Prep 20 mins
Cook 6 hrs 5 mins
Rich and exotic. Panna cotta is a delicate Italian custard made with gelatin instead of eggs. This one has a silky texture reminiscent of Chinese egg custard tarts. It's flavored with ginger and topped with mango. A perfect Chinese-Italian fusion dessert. Other fruits like apricots, oranges, or berries also work well in place of the mango.
- nonstick cooking spray
- 1 (1/4 ounce) envelope unflavored gelatin
- 1⁄4 cup water
- 1⁄2 cup powdered sugar
- 1 cup milk or 1 cup soymilk
- 1 (14 ounce) can evaporated milk
- 1 cup heavy cream (35%)
- 2 drops vanilla
- 1 tablespoon gingerroot, minced (1/2 oz)
- 2 mangoes, peeled and diced (1-1 1/4 cups)
- Spray a paper towel with a little cooking spray and use it to grease 8 (1-cup) custard cups or one 8-cup serving bowl; set aside.
- In a saucepan, sprinkle gelatin over water and let sit for 2-3 minutes, without stirring, to soften.

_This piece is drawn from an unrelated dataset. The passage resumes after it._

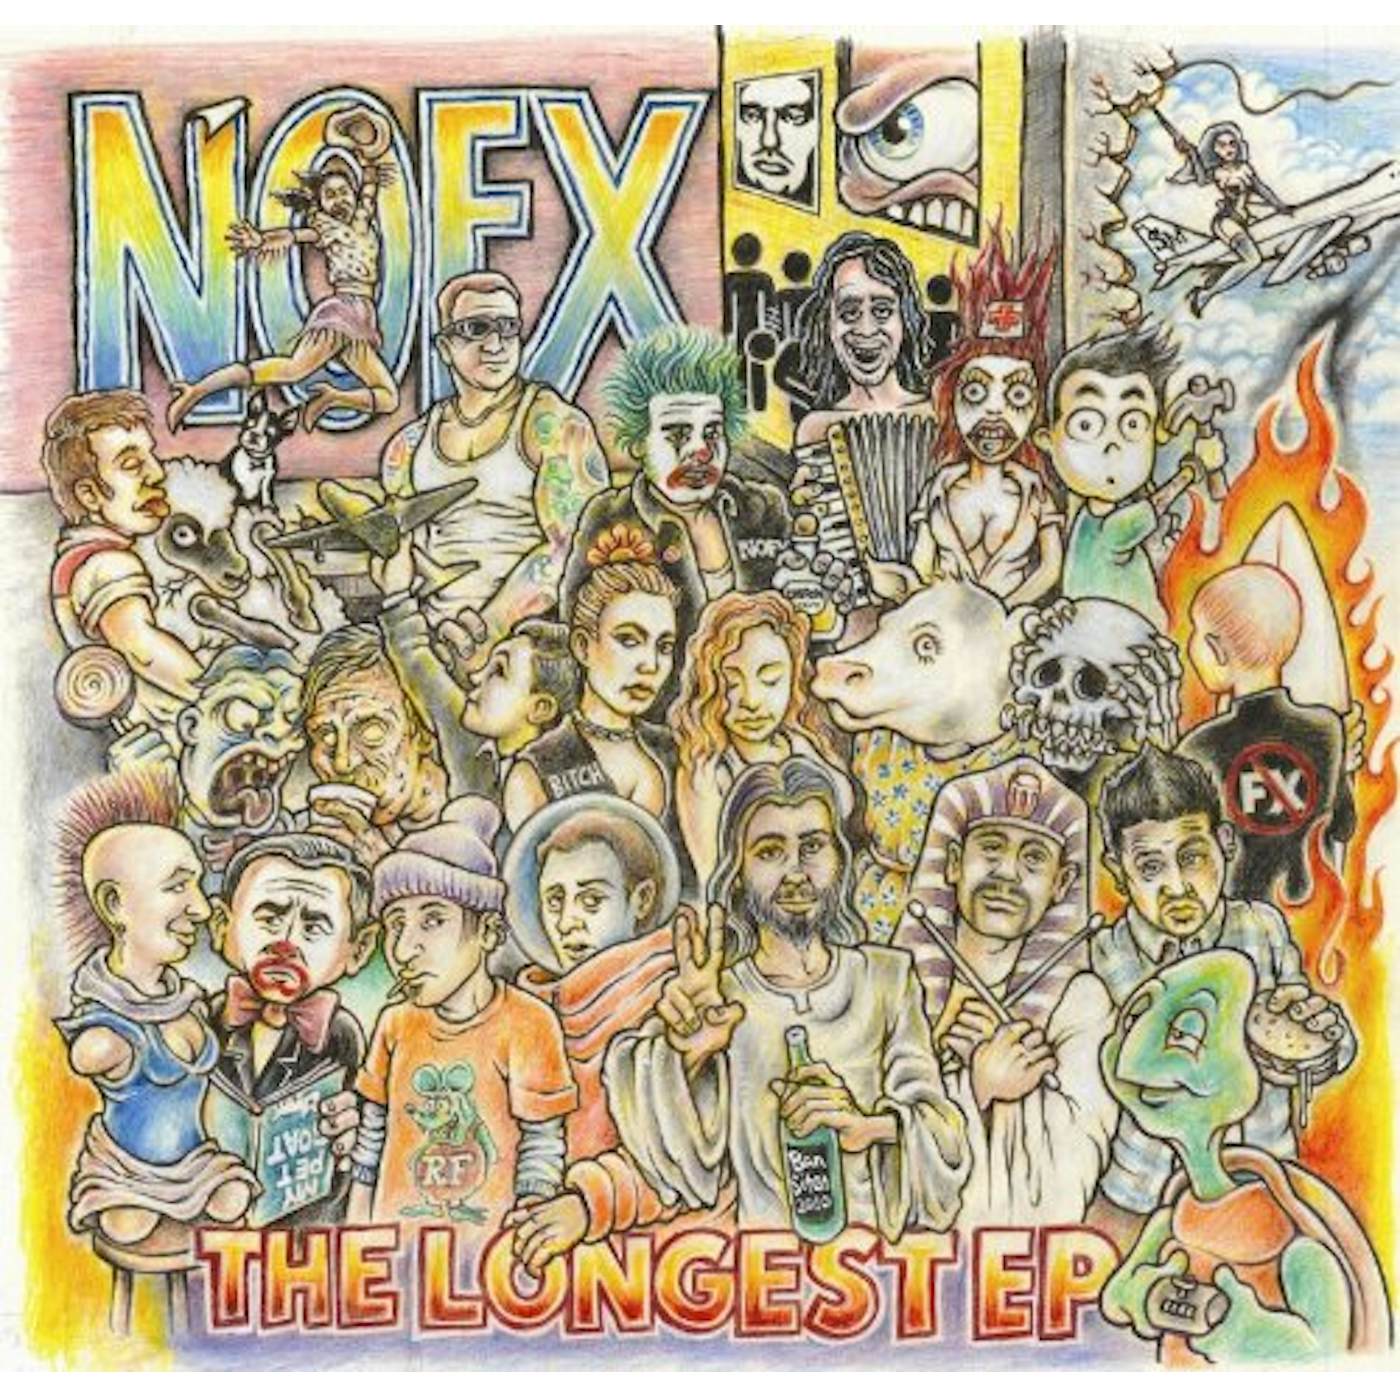 NOFX LONGEST EP Vinyl Record

- Stir until gelatin dissolves.
- Add sugar, milk, evaporated milk, cream, vanilla, and ginger; bring to a simmer over medium, stirring constantly (3-5 minutes).
- Remove from heat, then allow to rest for 2 minutes so flavors can blend.
- Strain mixture into custard cups.
- When cool, cover with plastic wrap and refrigerate until set (6 hours or overnight).
- Unmold, if desired; top each portion with a generous helping of fruit before serving.